September 10, 2011

Smoke Signals and Lost Dog

Before I deal with the main blog topic, I would like to ask those of you in North Seattle to be on the look out for a lost black/while cockapoo:   information is here.  Thanks for any help.

During warm days there is a profound change in winds up and down the Olympics that is normally invisible, but become apparent when there is a wildfire on the Olympic slopes.

Dale Ireland has a wonderful permanent cam facing the Olympics and has been recording the smoke from the Big Hump fire the last few days.

Here is a video for a few days ago:

This one is also good: 

During the day, as the slopes are heated there is upslope flow moving towards higher elevations--this upslope flow and the destabilization of the atmosphere as the mountains heat up produces convection and enhanced upward flow.   Sometimes this convection is accompanied by a cumulus cloud as well as smoke (called pyrocumulus).   The rising air cools due to the expansion of the upward-moving air and eventually the initially warm air is no longer buoyant (becomes the same temperature as the environmental air at that level) and no longer rises.  You see this all the time from smoke from smokestacks hitting a level through which it can pass and then spreads mainly horizontally--check out this picture:

During the evening, the surface of the mountains cools as the infrared radiation loss to space exceeds the incoming energy from the sun.  The daytime convective/smoke plume dies (since it depends on the surface being sufficiently warmer than the air above), and air starts moving down the mountain....known as downslope flow.  The smoke is entrained in this  flow and heads down the slope.  That is what you are seeing.


  1. Thanks for the explanation. Now I can understand more about what I am seeing. I enjoy your excellent blog.

  2. who cares about weather esoterica, i hope you find your dog

  3. What is the sudden burst of smoke right at the end that goes straight up? Did I miss the point? In the first part, I see the hazy smoke gradually slipping down the slope as you describe.

  4. I see the hazy clouds slipping down the slope gradually in the first part, but don't understand what the sudden plume that goes straight up near the end is about.

    Thank you

  5. From our home in Magnolia we saw the fire's smoke rise up as you described, but then drift off to the north.

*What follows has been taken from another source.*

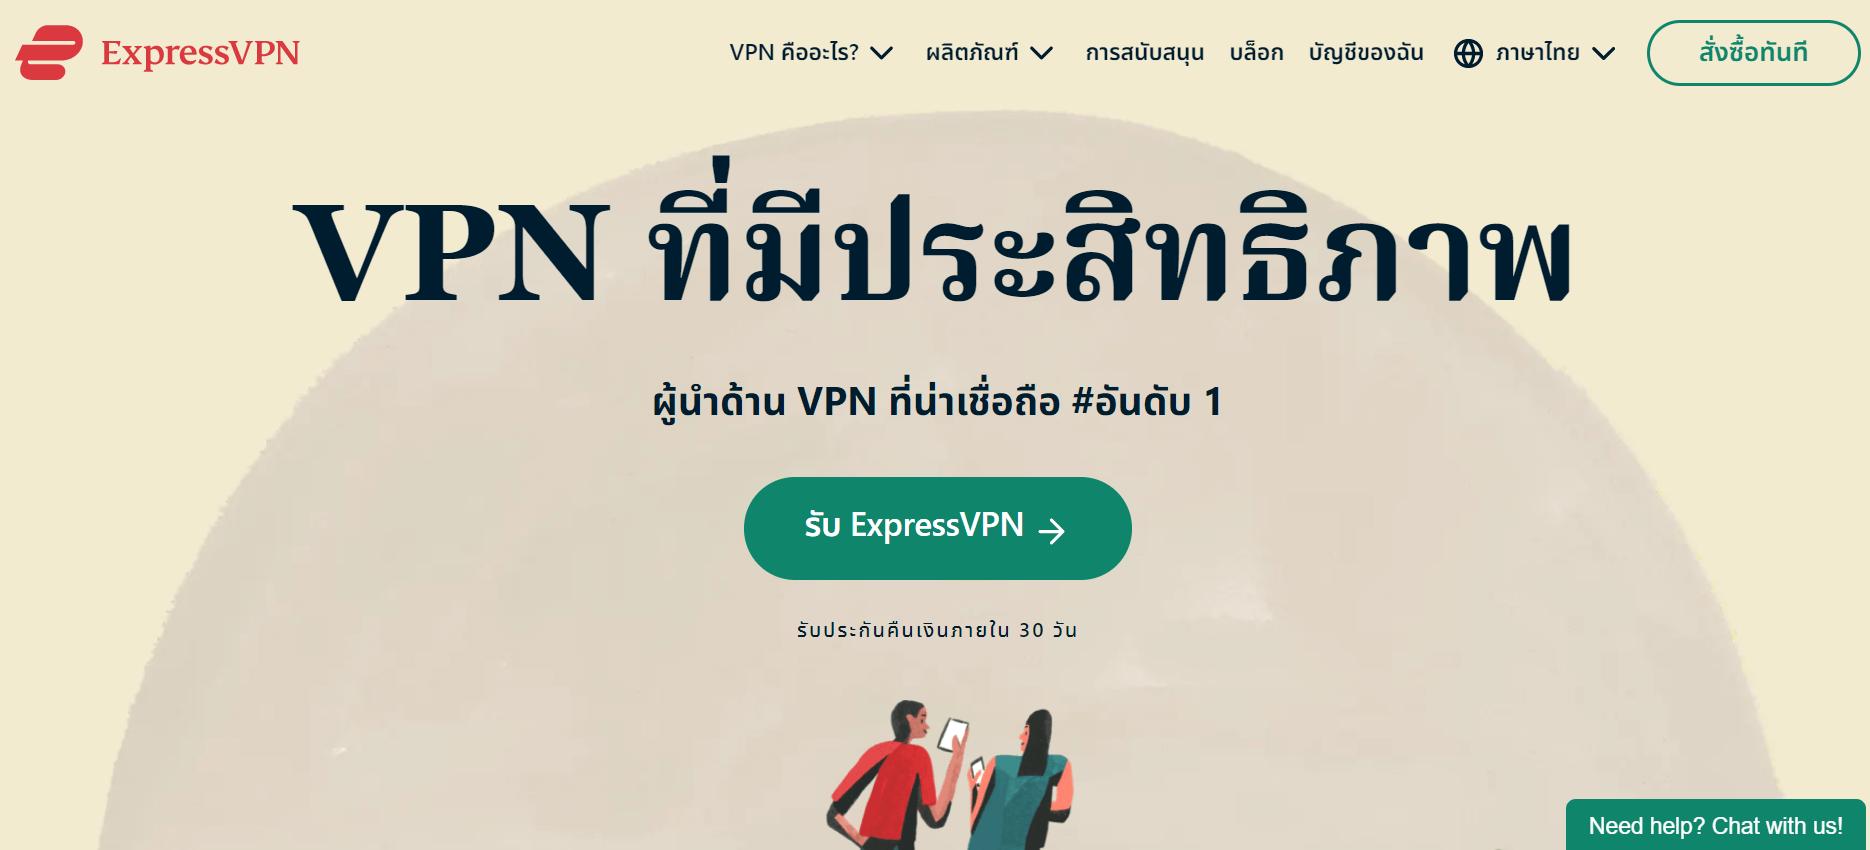 แอพ VPN คือ

    At that same time, down on the Sound and at our home, the prevailing wind was out of the north.

    Please explain the different wind directions.

    John M

  6. there is no such like that around my house,,, what i see only green forests

    thanks for giving the information

  7. Two thoughts.
    First 'Records' are generally meaningless. Is there any climatological significance to the consecutive days above 80 in September? What if a string of above 80 started on the 20 Aug and continued until 9 Sept. Or, if the string started with 7 days in the upper 80's and then had an weak onshore flow where the temp dropped to 79 for a day and then had another string of 8 days above 80. Or does a string 8 days above 80 at the end of the month have more weight 10 days at the start of the month? And that has been pointed out by Cliff in earlier blogs, the variation around the region be dramatically different. I would suggest that all 'Records' should be either marked with an asterisk or ignored. These should not be considered journalistic news and left to grocery store tabloids.
    Second, while I agree with the statement that 'not all site locations are created equal', I do wonder if we are trying to equate apples to oranges. I understand location of the sensors at Sea-Tac have been influenced by the third runway. But I also wonder that if a group of sensors was put over natural vegetation in downtown Seattle, would that be at Freeway Park? and would that reflect the conditions within micro climate created by the concrete and asphalt of downtown Seattle. I would suggest that this is a problem of resolution. The finer we calibrate the instruments and area of reference, the more samples need to be taken.
    Still after 45 years ago, the words of my Ingraham HS Chem teacher, Wendell McCain, still reverberate in my mind - the Law of Significant Digits. And related. One can not be more accurate than the least accurate measurement. And that measurement errors accumulate. Unfortunately, we live in a world of floating decimals of computers/calculators and assume our measurements are accurate to 8 places.
    Let's keep a perspective on these observations and realize they only indicate trends subject to variation and not 'Records'.

  8. I hike a lot in the Cascades, and I often get a chance to survey the various mountains from a high vantage point. Recently, on two occasions, I noticed that it was very smokey by Glacier Peak. The first time I assumed there was a new fire there. After checking the fire report (inciweb) I'm now assuming that all of the smoke is from the fires in the Olympics. I think the smoke from those fires moves over the convergent zone, where it obscures Glacier Peak. This was visible on a couple of occasions, from both the north and the south.